_WHAT YOU ARE ASKED TO DO_
Give every line of the material back exactly, images removed.

_COLLECTED MATERIAL_
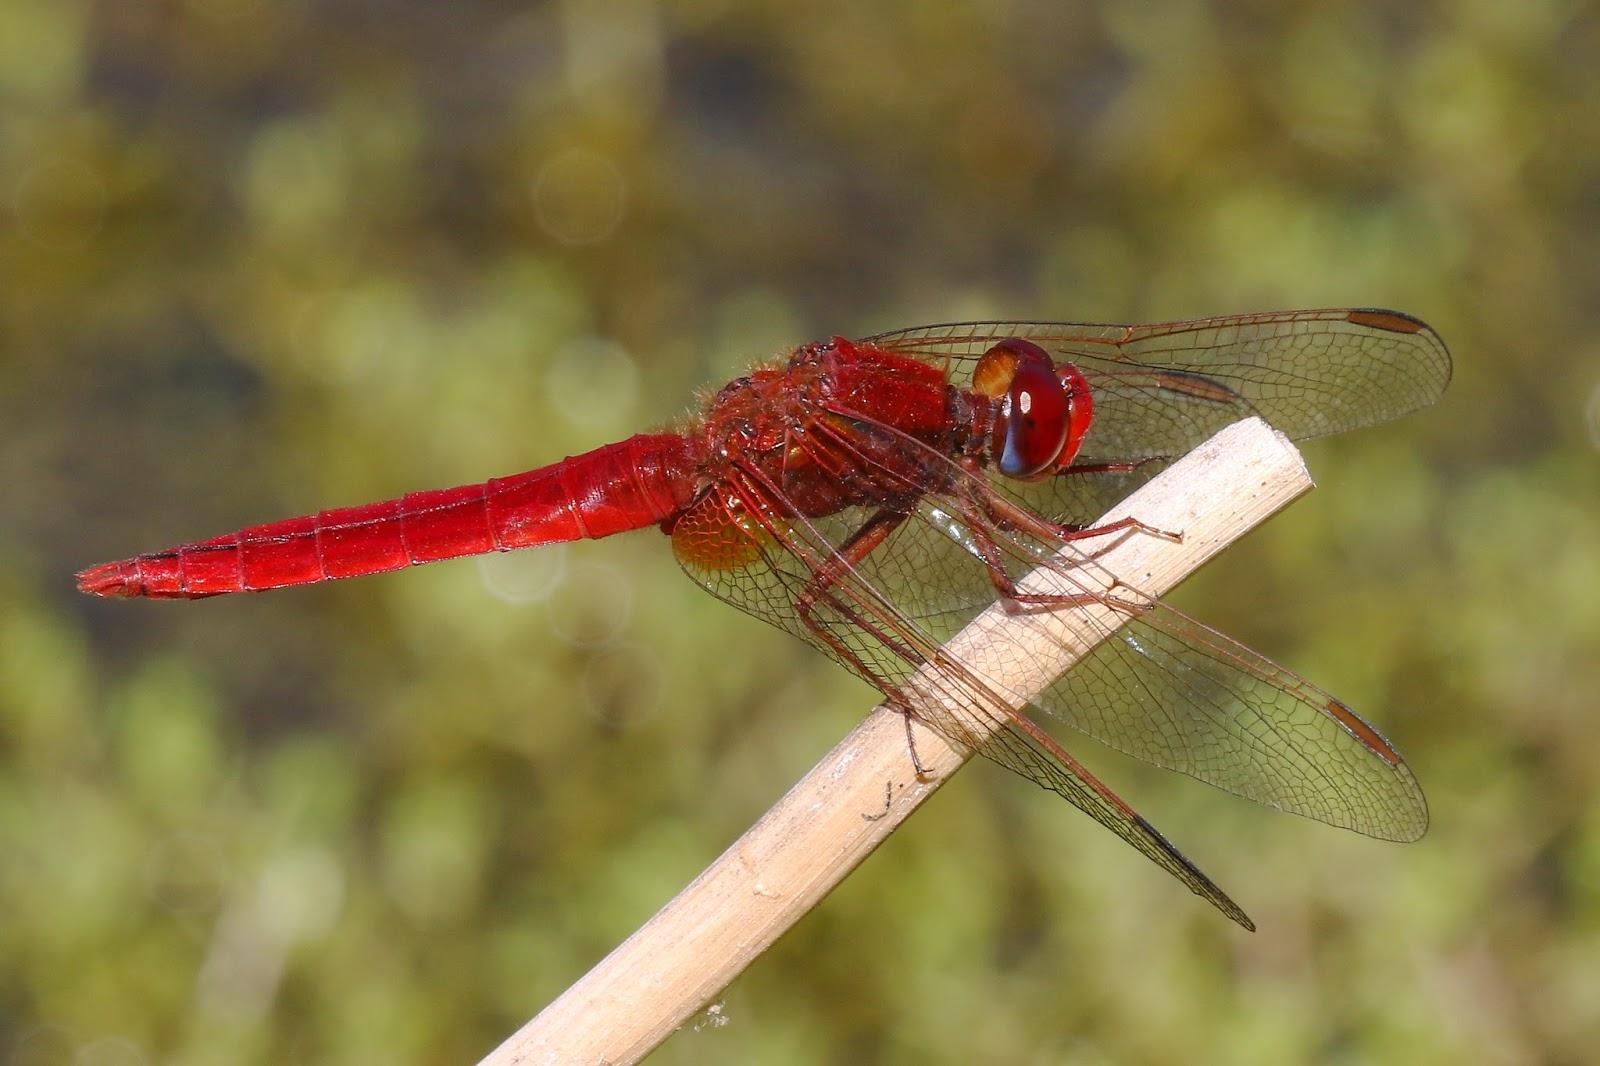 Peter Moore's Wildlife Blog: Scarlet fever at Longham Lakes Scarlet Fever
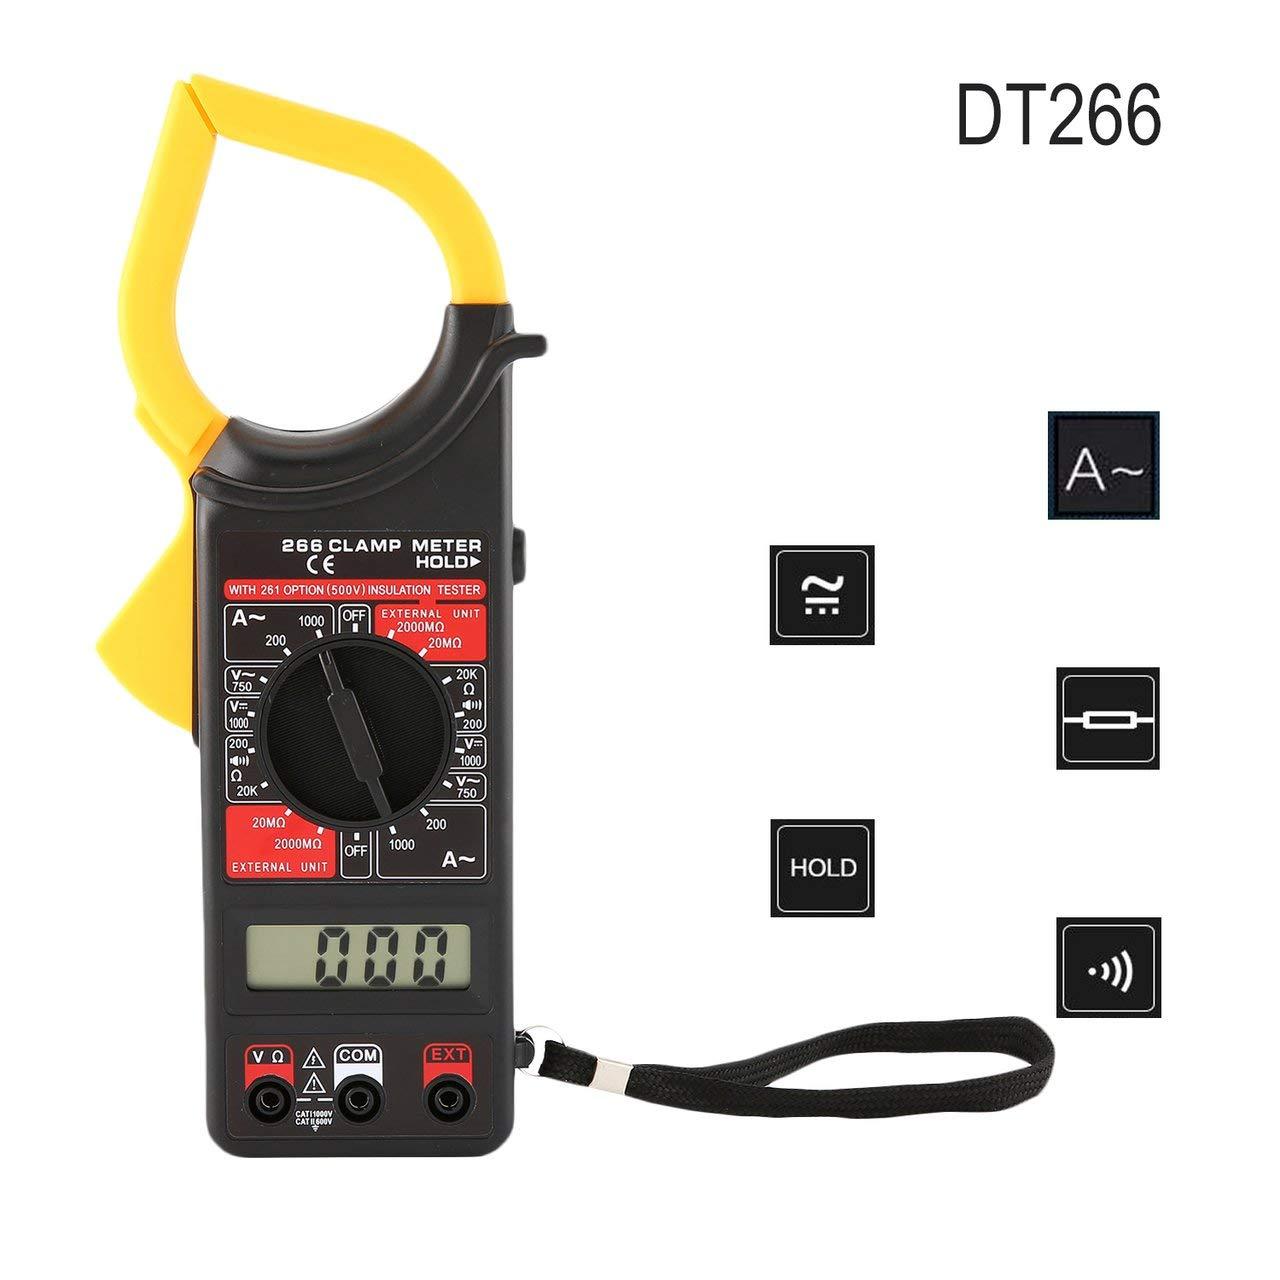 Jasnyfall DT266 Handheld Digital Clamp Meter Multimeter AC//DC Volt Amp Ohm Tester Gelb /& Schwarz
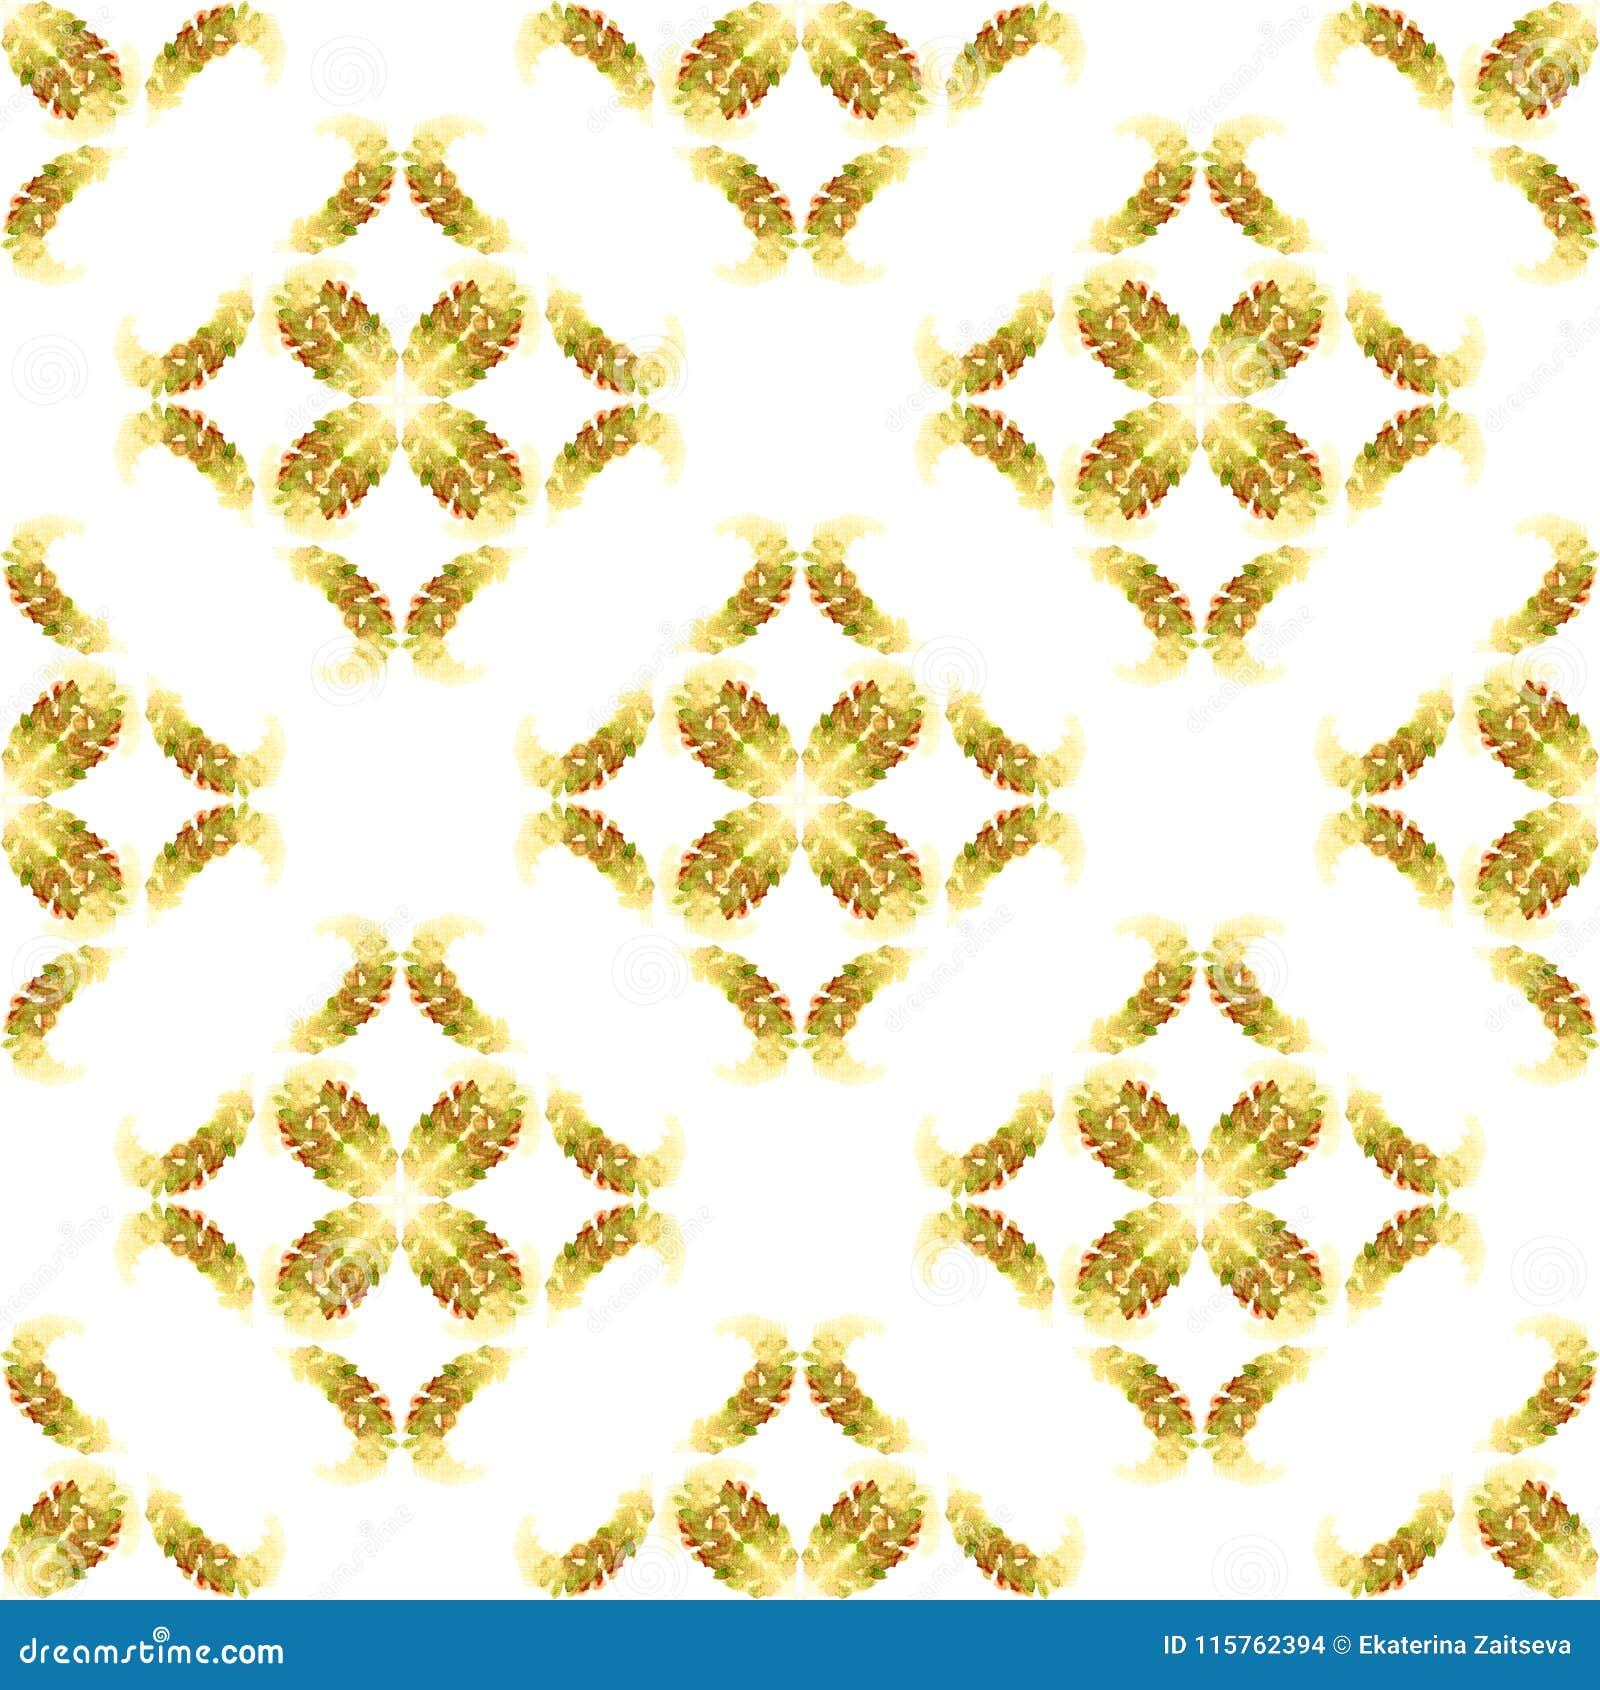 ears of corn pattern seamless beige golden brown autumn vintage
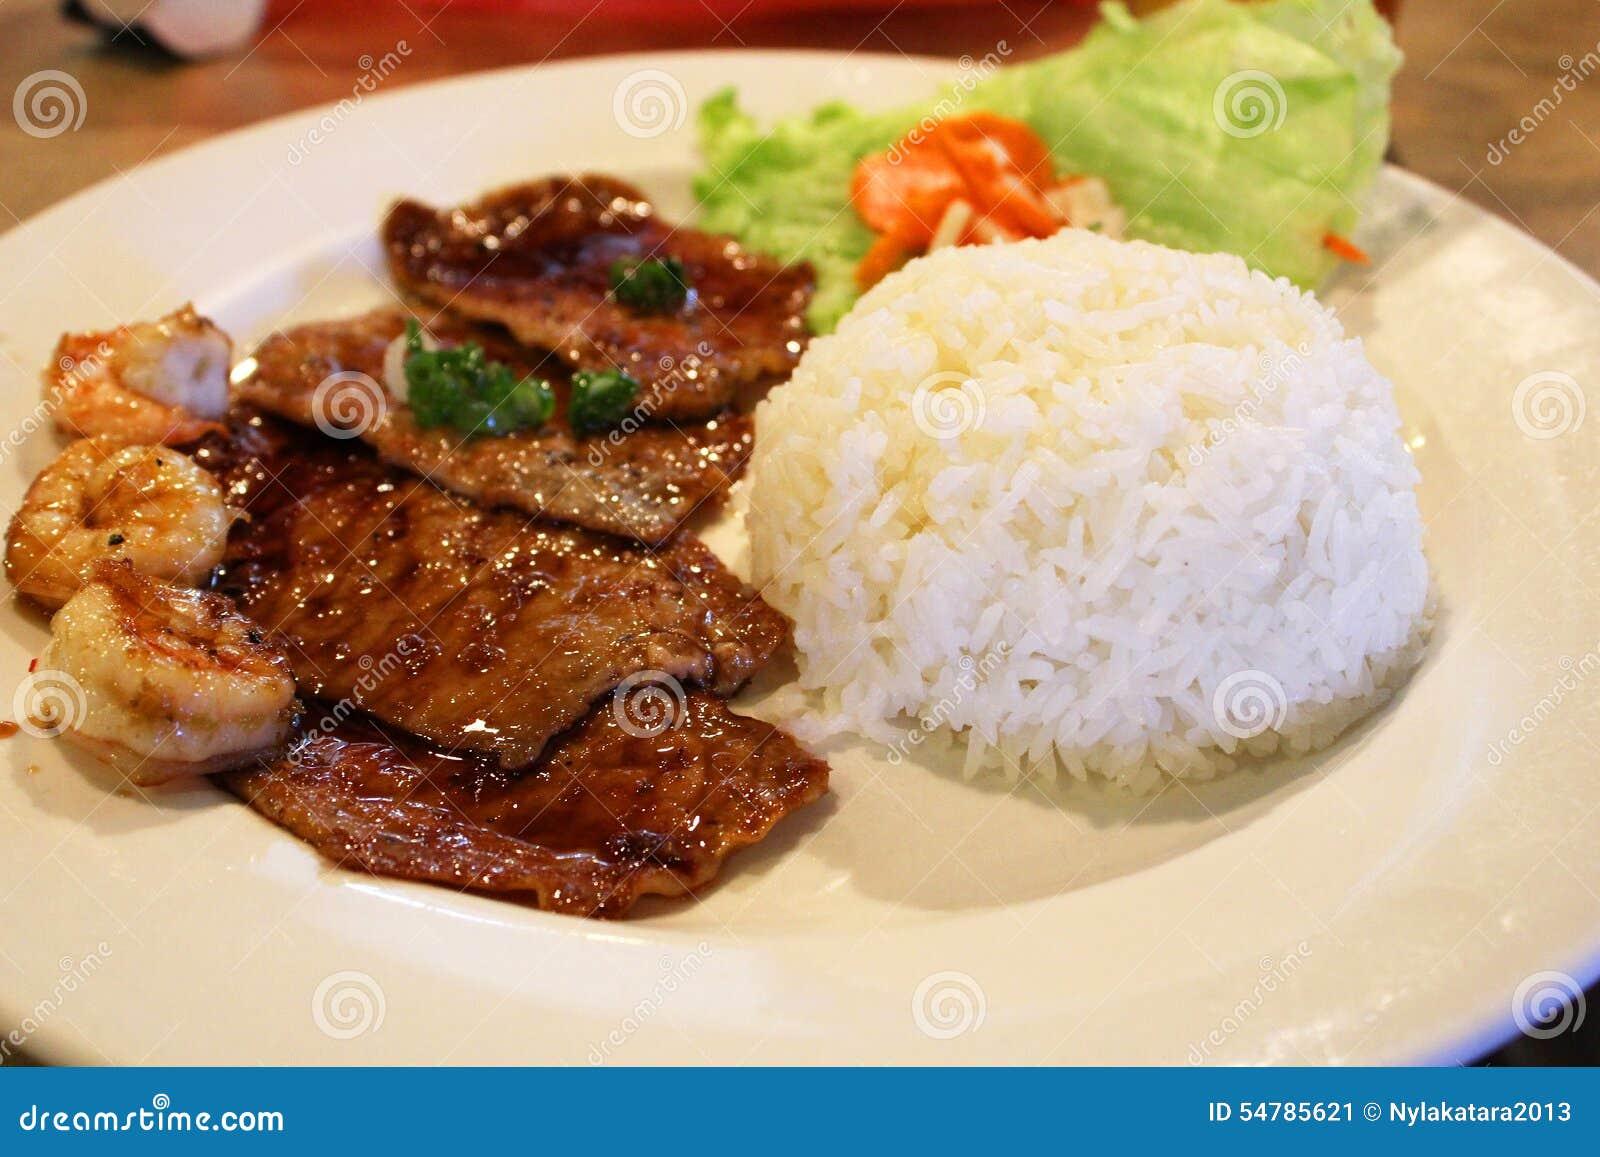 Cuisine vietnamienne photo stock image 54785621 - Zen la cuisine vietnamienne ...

_WRITTEN REPLY_
 Peter Moore's Wildlife Blog: Scarlet fever at Longham Lakes Scarlet Fever
 Jasnyfall DT266 Handheld Digital Clamp Meter Multimeter AC//DC Volt Amp Ohm Tester Gelb /& Schwarz
 ears of corn pattern seamless beige golden brown autumn vintage
 Cuisine vietnamienne photo stock image 54785621 - Zen la cuisine vietnamienne ...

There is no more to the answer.